Yuğ Töreni
İslam öncesi Türk toplumlarında uygulanan cenaze törenlerinin temeli Şamanizm’de aranmalıdır. Eski Türk Şamanizmine göre ölen kişinin ruhunun insanlara zarar vermesini önlemek için “yuğ” törenleri yapılırdı ve törenin ardından “ölü aşı” adı verilen yemek ikram edilirdi. Ölen kişinin ruhunu teselli etmek için verilen bu yemek, sadece yaşayanlara değil, ölenlere de ikram edilirdi. Eski Türklerde cenaze törenine “yuğ” veya “yoğ” adı verilirken, o törende söylenen sözlere “yuğ” adı veriliyordu. İslam öncesi Türk devletlerinde, hayatını yeni kaybeden kişinin, ahiret dedikleri şeye alışık olmadığı için ailesini, arkadaşlarını ve hayvanlarını da yanına almaya çalışacağına inanılırdı. Bu nedenle ölenlere “ye iç bize ve hayvanlarımıza dokunma” denildi. Bunun nedeni merhumun muhtemelen törende hazır bulunmasıydı. Yugi’nin yas törenleri ağlama, yüz yırtma, saç kesme ve atları çalıştırma gibi bir dizi uygulamayı içeriyordu. Ölen kişinin vefatından sonraki 3, 7, 20, 40 ve 52. günlerde ölü aşı adı verilen yemek ikram edilir. Sonraki günlerde ve ölüm yıldönümünde verildi.

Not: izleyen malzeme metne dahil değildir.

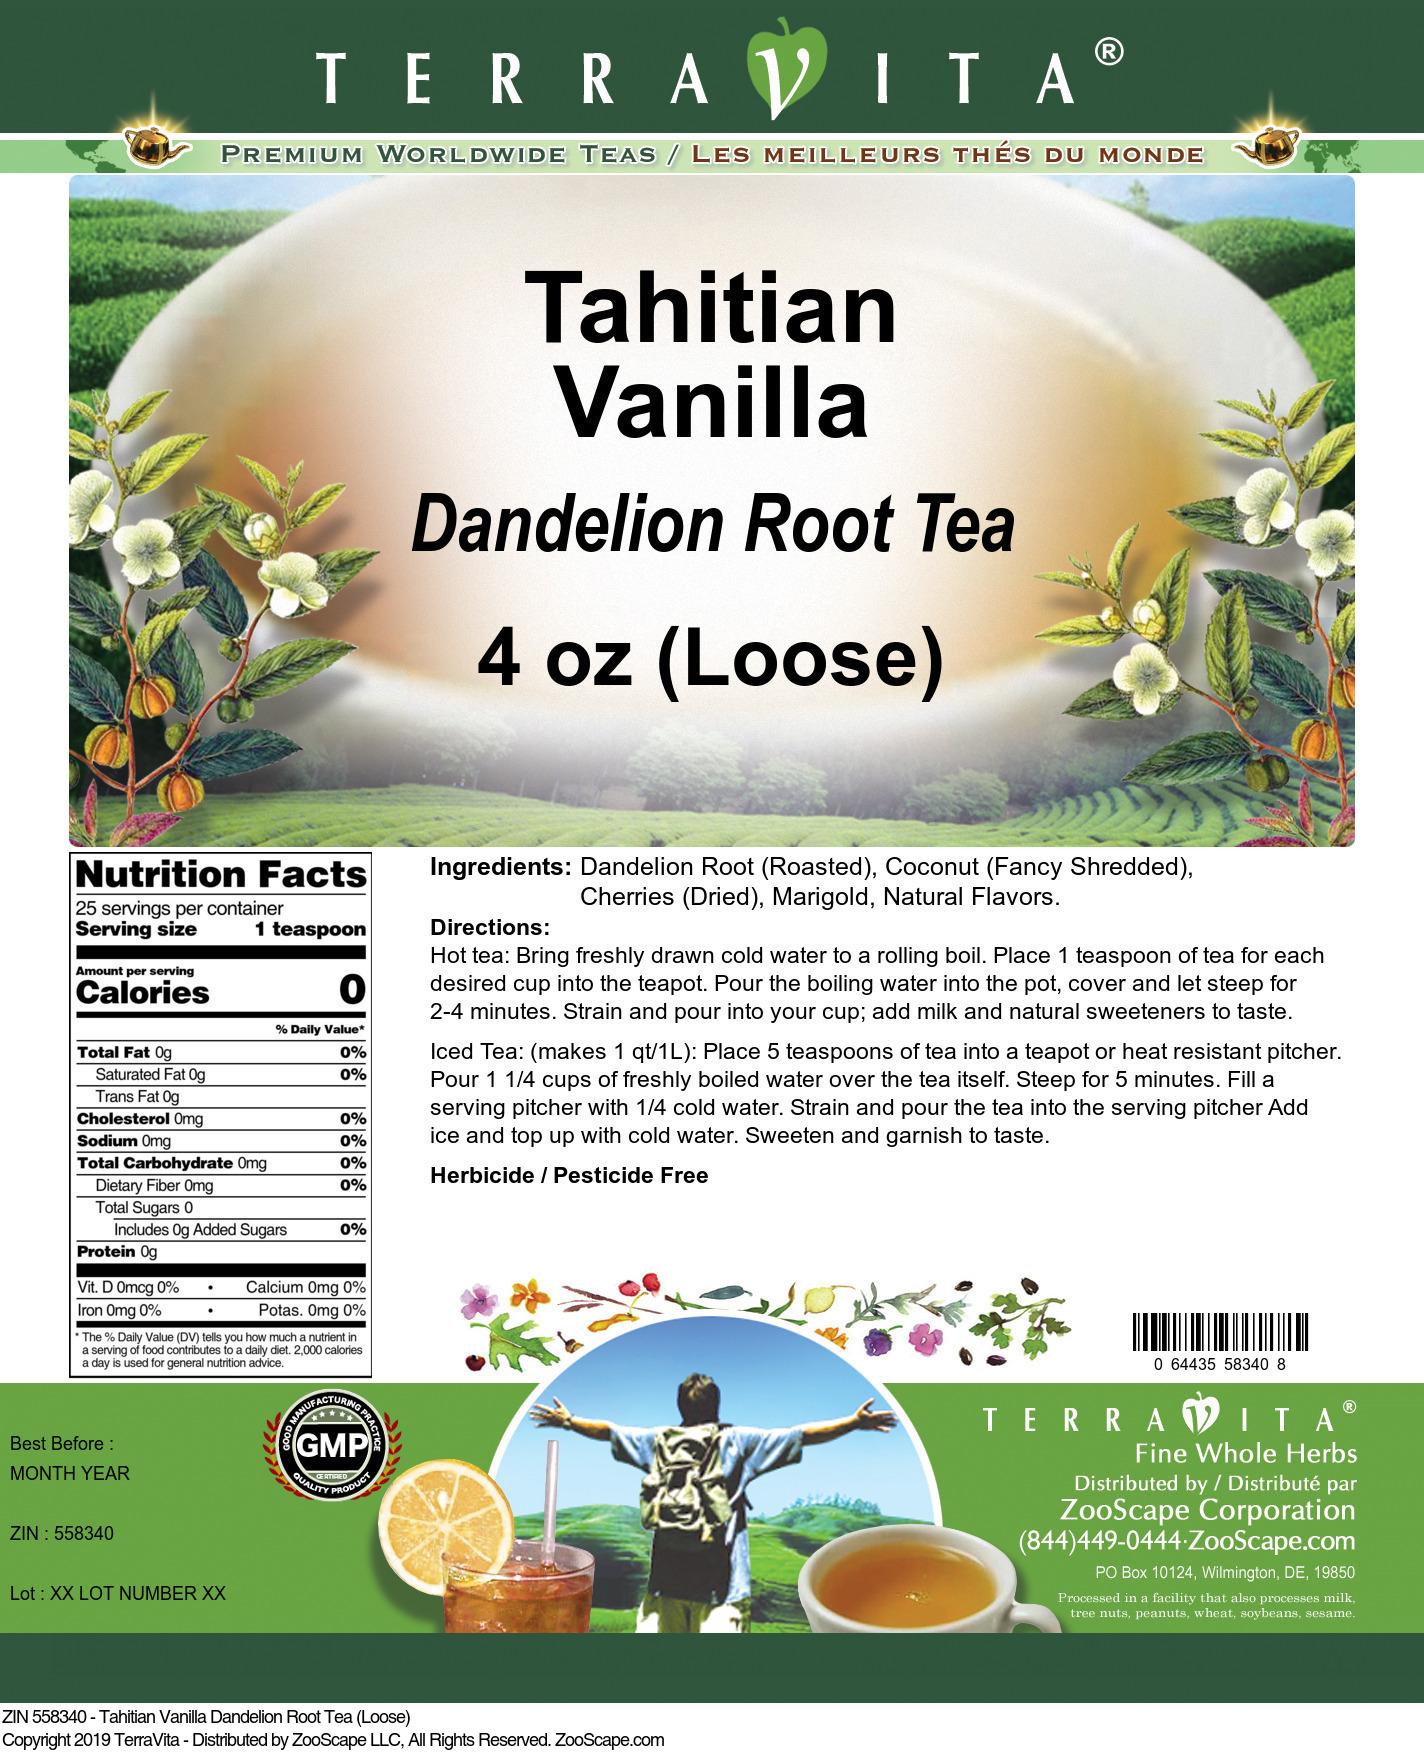 Tahitian Vanilla Dandelion Root

Yoğ (ölü aşı) (yug /yog) terimi, Eski Türkçede aş anlamının yanı sıra matem anlamına da gelmekte olup bu terimlere ilk defa Orhun Yazıtlarında rastlanmaktadır. Gerek Divânü Lugati’t Türk’te gerekse Kutadgu Bilig’de “yog”; matem, yas şeklinde geçmektedir. Bu törenlerde ölen kişinin ardından söylenen sözlere de sagu (ağıt) denilmektedir. Hemen hemen tüm Türk toplumlarında ağıt geleneği vardı.